Poll: Parents want their kids playing outdoors
Views on Western water and public lands also told
Keith Johnson, Deseret News archives
SALT LAKE CITY — Utah residents want their children to spend more time outdoors, do not favor selling off public lands to balance budgets and believe inadequate water supply is a serious problem that needs a solution, according to a new poll measuring attitudes in the West.
The new, bipartisan survey, called the 2013 Colorado College State of the Rockies Conservation in the West poll, tapped 2,400 residents in six Western states: Utah, New Mexico, Wyoming, Colorado, Arizona and Montana.
While two-thirds of Utahns surveyed identified themselves as "conservationists" and the majority said they engage in outdoor recreation regularly, even more of them worry children do not get outdoors enough.
In Utah, 83 percent of those who participated in the poll said it was a "serious" problem that children are not spending enough time outside.
Amber Kent, a Farmington mother of four, said it can be a challenge to get some her children to go outside on a daily basis, but she and her husband make it a priority.
"Outside activity is very important, but some children are just happy sitting and reading a book.

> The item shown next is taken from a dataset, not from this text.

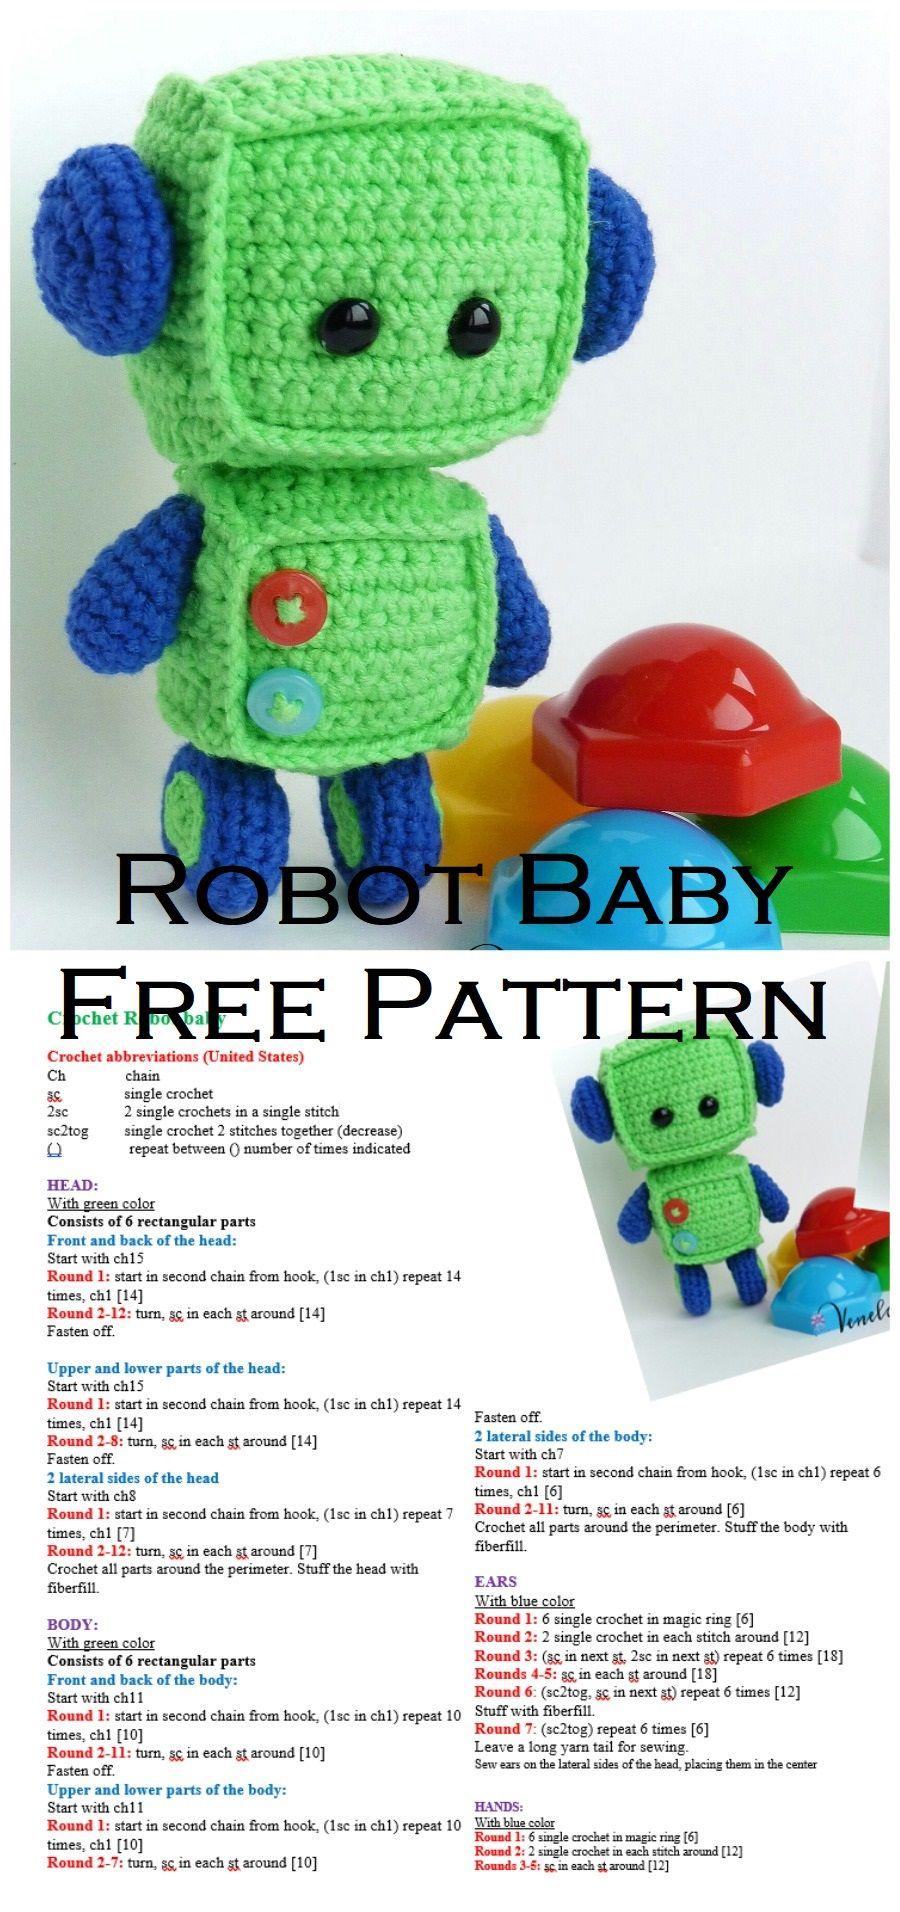 Free Crochet Sloth Amigurumi Pattern - thefriendlyredfox.com | 1912x900

With my 5-year-old son, if he doesn't play outside during the day, he is really moody."
The Kents made a decision to have just basic television channels. No cable. No satellite dish. While their children may be able to play video games, Amber Kent said the time is strictly limited and then out they go.
"We still kick them outside, even if it is snowing," she said. "We tell them to build a snow cave or go sledding in the backyard. After that if they're cold, they can have some hot chocolate to warm up. I think there needs to be a balance."
Dave Livermore, Utah state director of The Nature Conservancy, said that as society becomes more wired, people — and especially kids — tend to get more disconnected from their natural surroundings, and it can have impacts on physical health as well as mental well-being.
"We share the concerns that the poll revealed," he said. "Young people more and more are spending their time indoors looking at computer and television screens."
The Nature Conservancy has worked to connect Utah children with the Great Salt Lake through its Wings & Water program, which was expanded last year through a partnership with the Utah State Botanical Center.
First established in 2005, the program has reached 9,000 fourth-graders via educational field trips to the Great Salt Lake Shorelands Preserve in Layton. The organization hopes that an additional 600 children will fill the tour slots by the end of this school year.
"The wetlands are significant natural areas in North America that are right in our back yard," Livermore said. "These children, many of them, are able to see for the first time things they didn't even know existed.
Views on energy
The conservation poll was released Thursday and detailed in a teleconference. It also found that in Utah, residents want the state to encourage the use of wind and solar power as well as natural gas, rather than coal or nuclear power. Across the board in all states surveyed, renewable energy dominated as the option states should pursue.
Concerns over Western water supply were also probed in the poll, with 74 percent of Utahns calling the problem serious, and one in three agreeing it is "extremely" serious.
Like their neighbors in other states, Utahns place a strong value on public lands, saying they are “essential” to the state’s economy and quality of life. The poll found that 77 percent of those surveyed agreed that national parks and wildlife areas attract high quality employers and good jobs.